Based upon, subject to and limited by the foregoing, we are of the opinion that:
(a)(i) following the effectiveness of the Registration Statement and receipt by the Operating Partnership of the Original Notes in exchange for the Exchange Notes as specified in the resolutions of the Board of Directors of DFT and in accordance with the terms of the Indenture, and (ii) assuming due execution, authentication, issuance and delivery of the Exchange Notes pursuant to the terms of the Indenture, the Exchange Notes will constitute valid and binding obligations of the Operating Partnership; and
(b)(i) following the effectiveness of the Registration Statement and receipt by the Operating Partnership of the Original Notes in exchange for the Exchange Notes as specified in the resolutions of the Board of Directors of DFT and in accordance with the terms of the Indenture, and (ii) assuming due execution, authentication, issuance and delivery of the Exchange Notes pursuant to the terms of the Indenture, the Guarantee of each Guarantor will constitute a valid and binding obligation of such Guarantor.
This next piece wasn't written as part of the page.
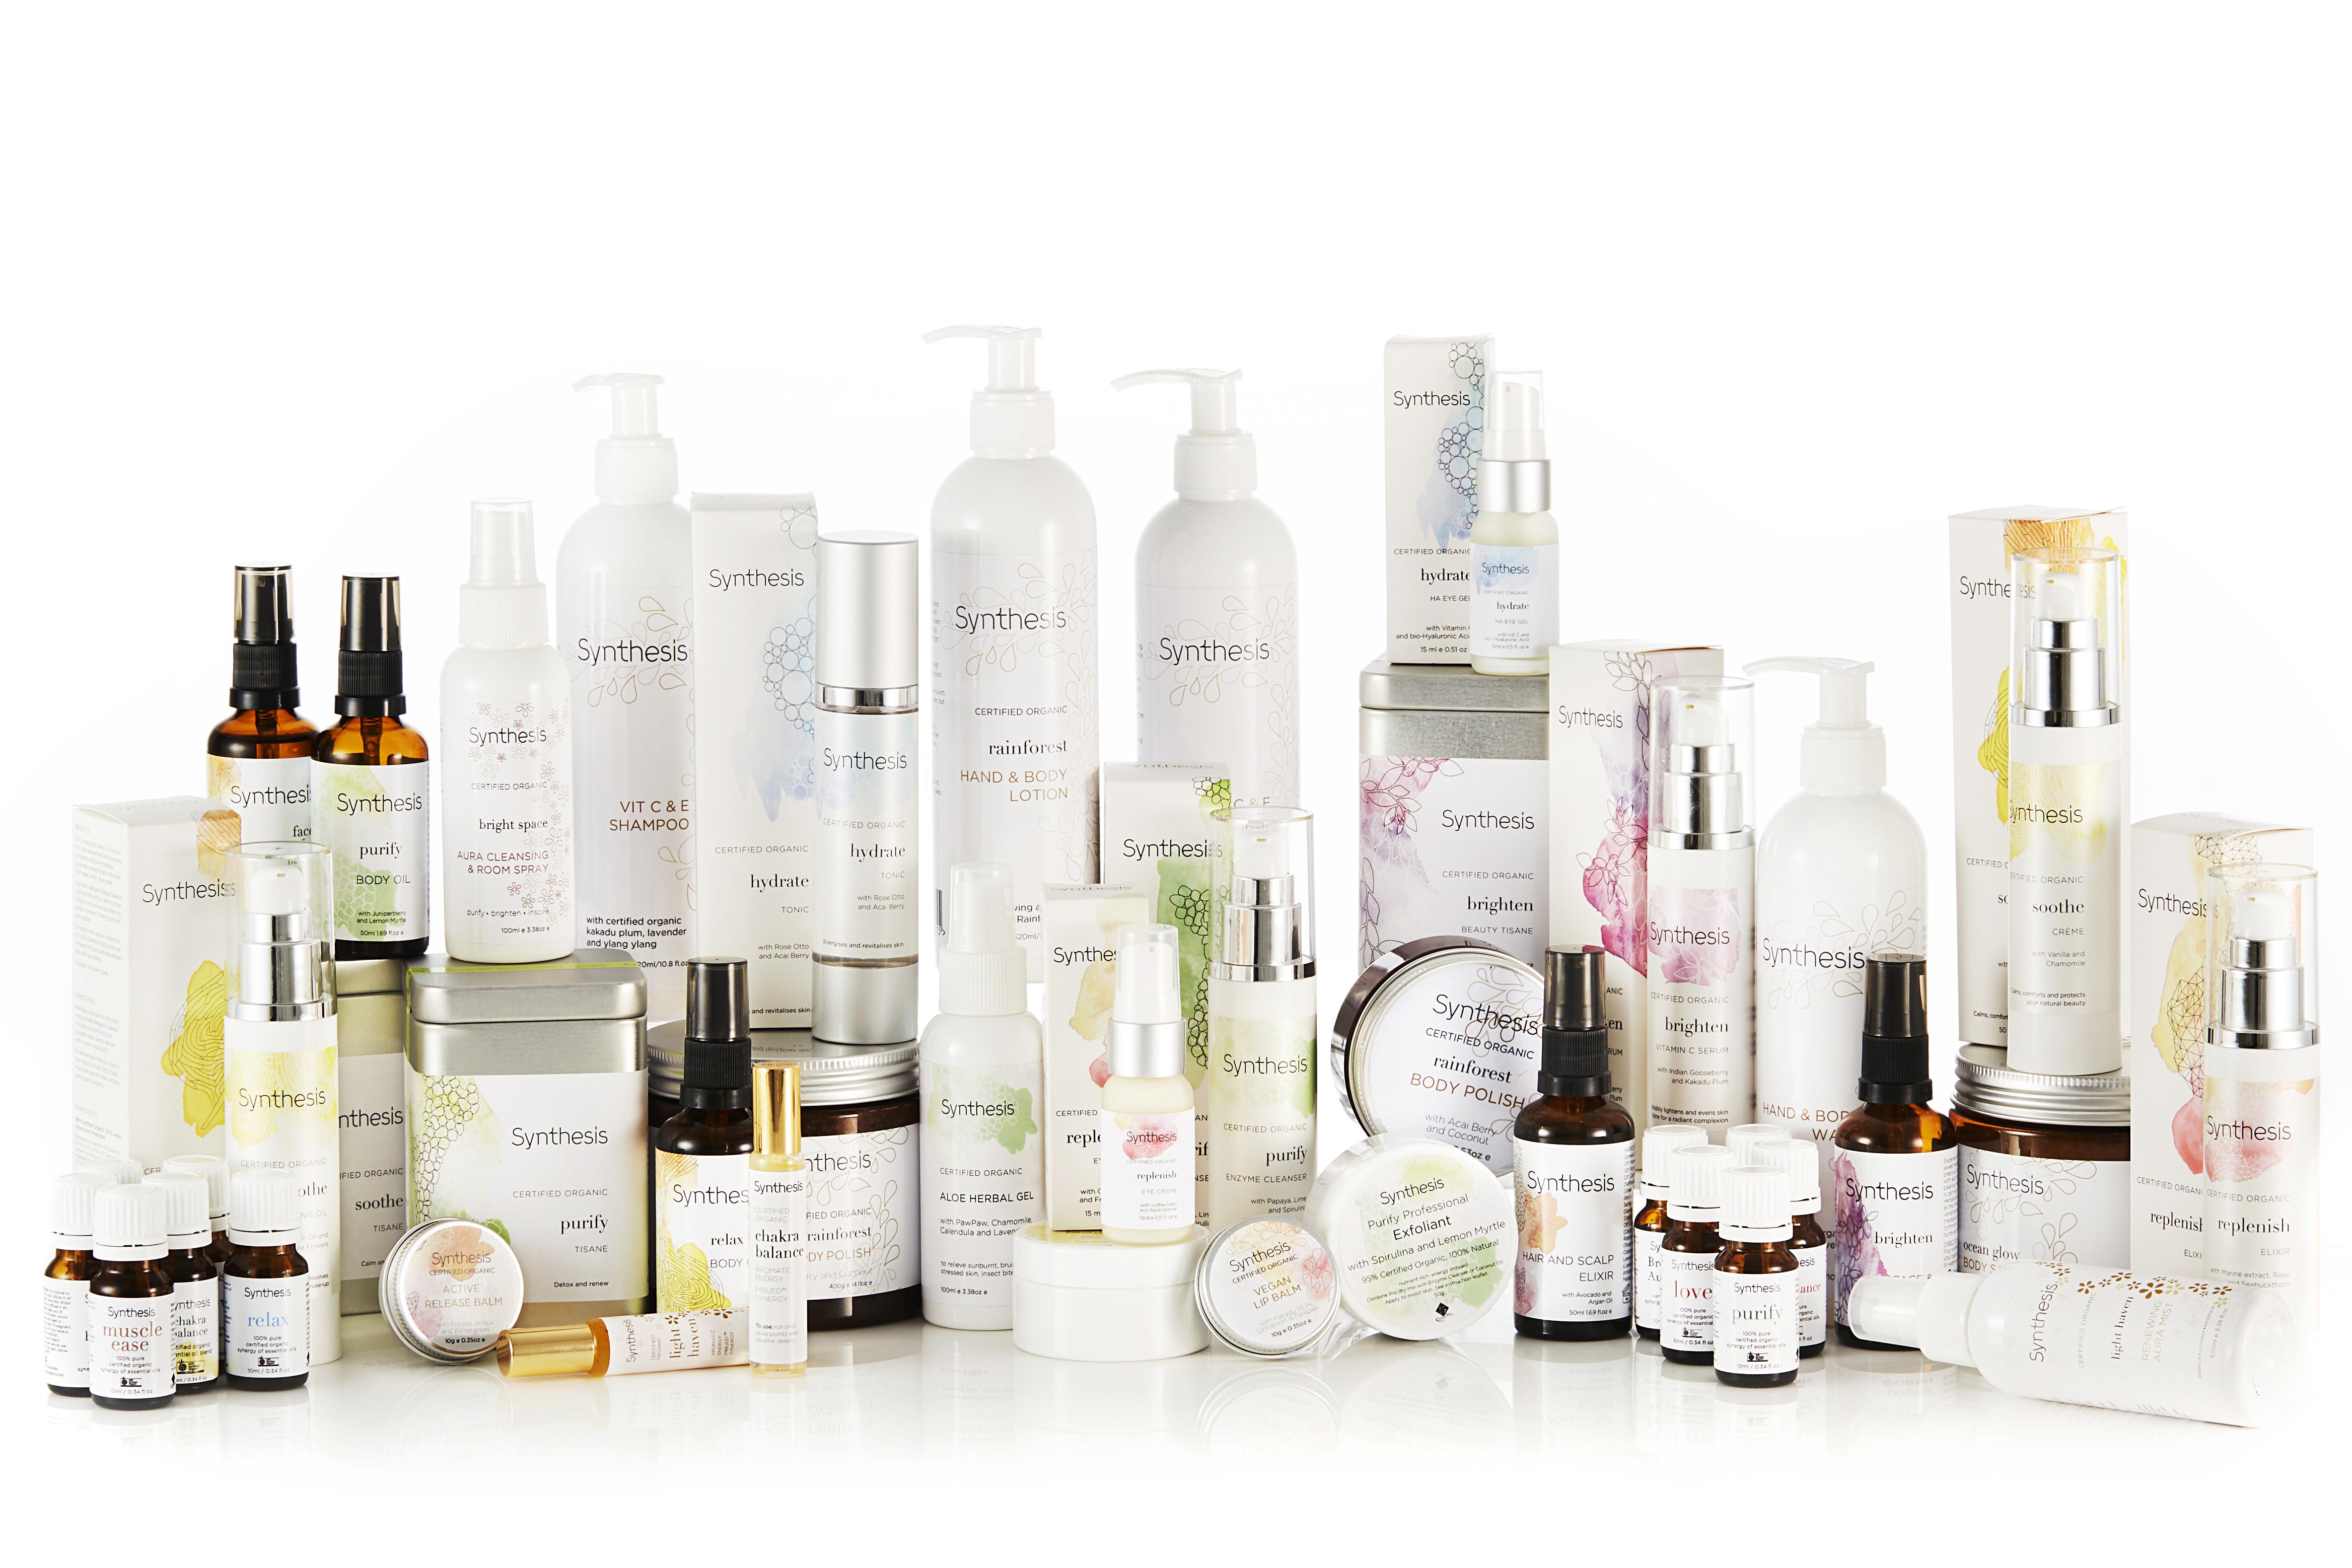 List of Vegan Skincare and Make up Brands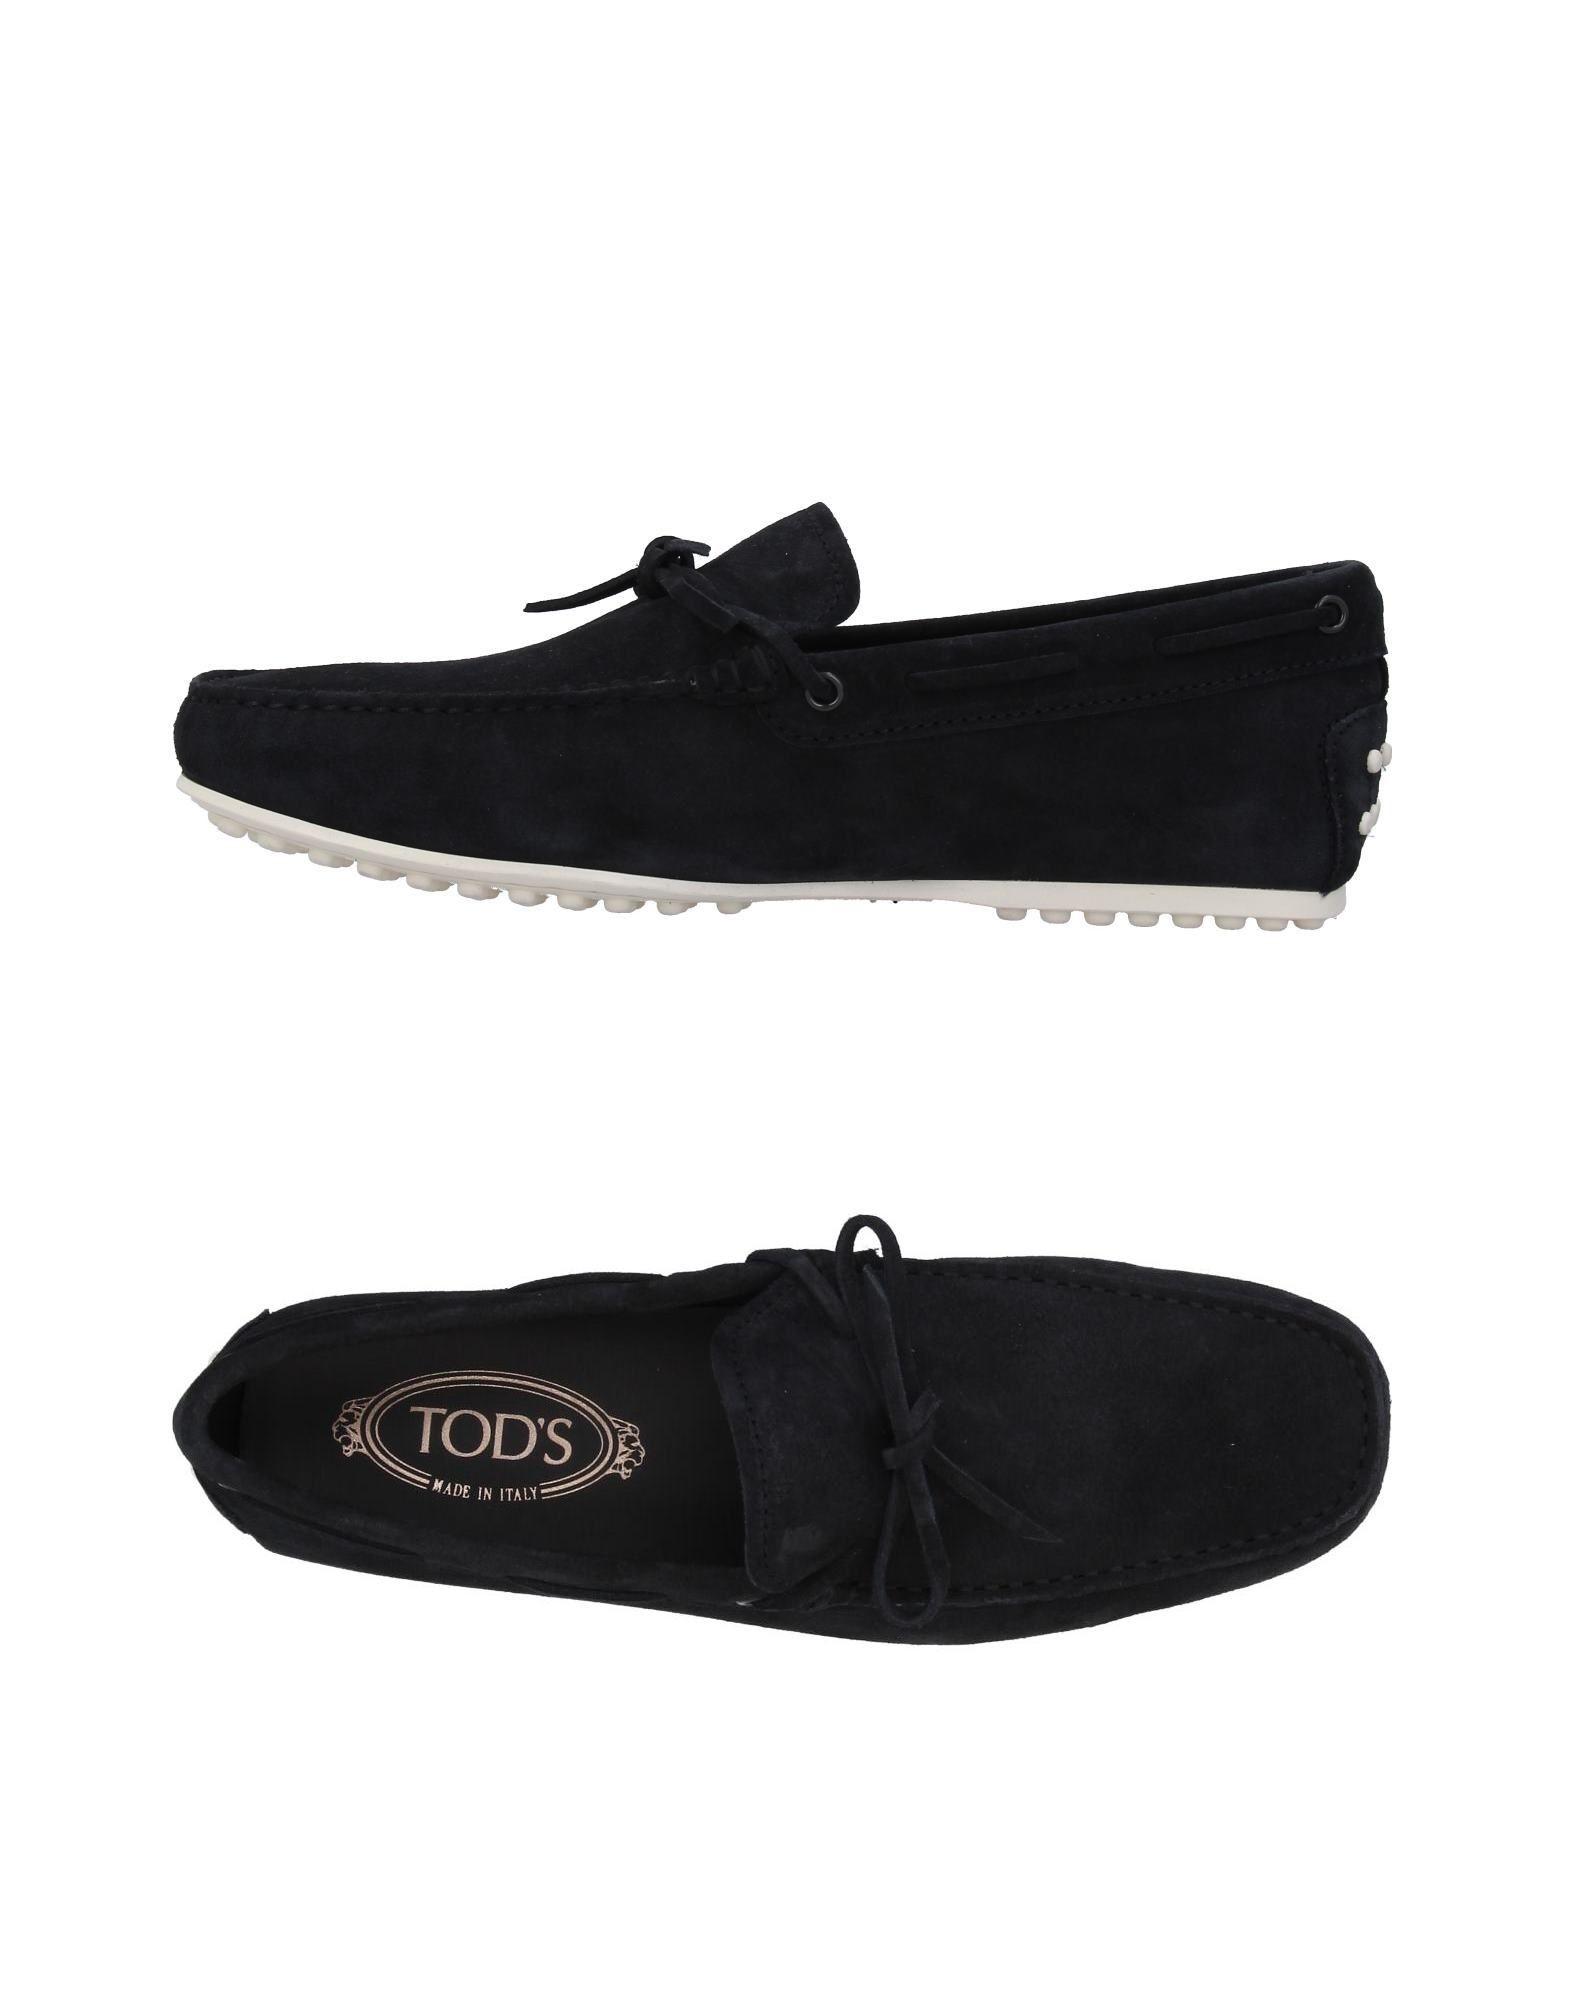 Tod's Mokassins Herren  11332333VS Gute Qualität beliebte Schuhe

In addition to the assumptions, qualifications, exceptions and limitations set forth elsewhere in this opinion letter, our opinions expressed above are also subject to the effect of bankruptcy, insolvency, reorganization, receivership, moratorium and other laws affecting creditors’ rights (including, without limitation, the effect of statutory and other law regarding fraudulent conveyances, fraudulent transfers and preferential transfers) and the exercise of judicial discretion and the application of principles of equity, good faith, fair dealing, reasonableness, conscionability and materiality (regardless of whether the applicable agreements are considered in a proceeding in equity or at law).
This opinion letter has been prepared for use in connection with the Registration Statement. We assume no obligation to advise you of any changes in the foregoing subsequent to the effective date of the Registration Statement.
We hereby consent to the filing of this opinion letter as Exhibit 5.1 to the Registration Statement and to the reference to this firm under the caption “Legal Matters” in the prospectus constituting a part of the Registration Statement. In giving this consent, we do not thereby admit that we are an “expert” within the meaning of the Securities Act of 1933, as amended.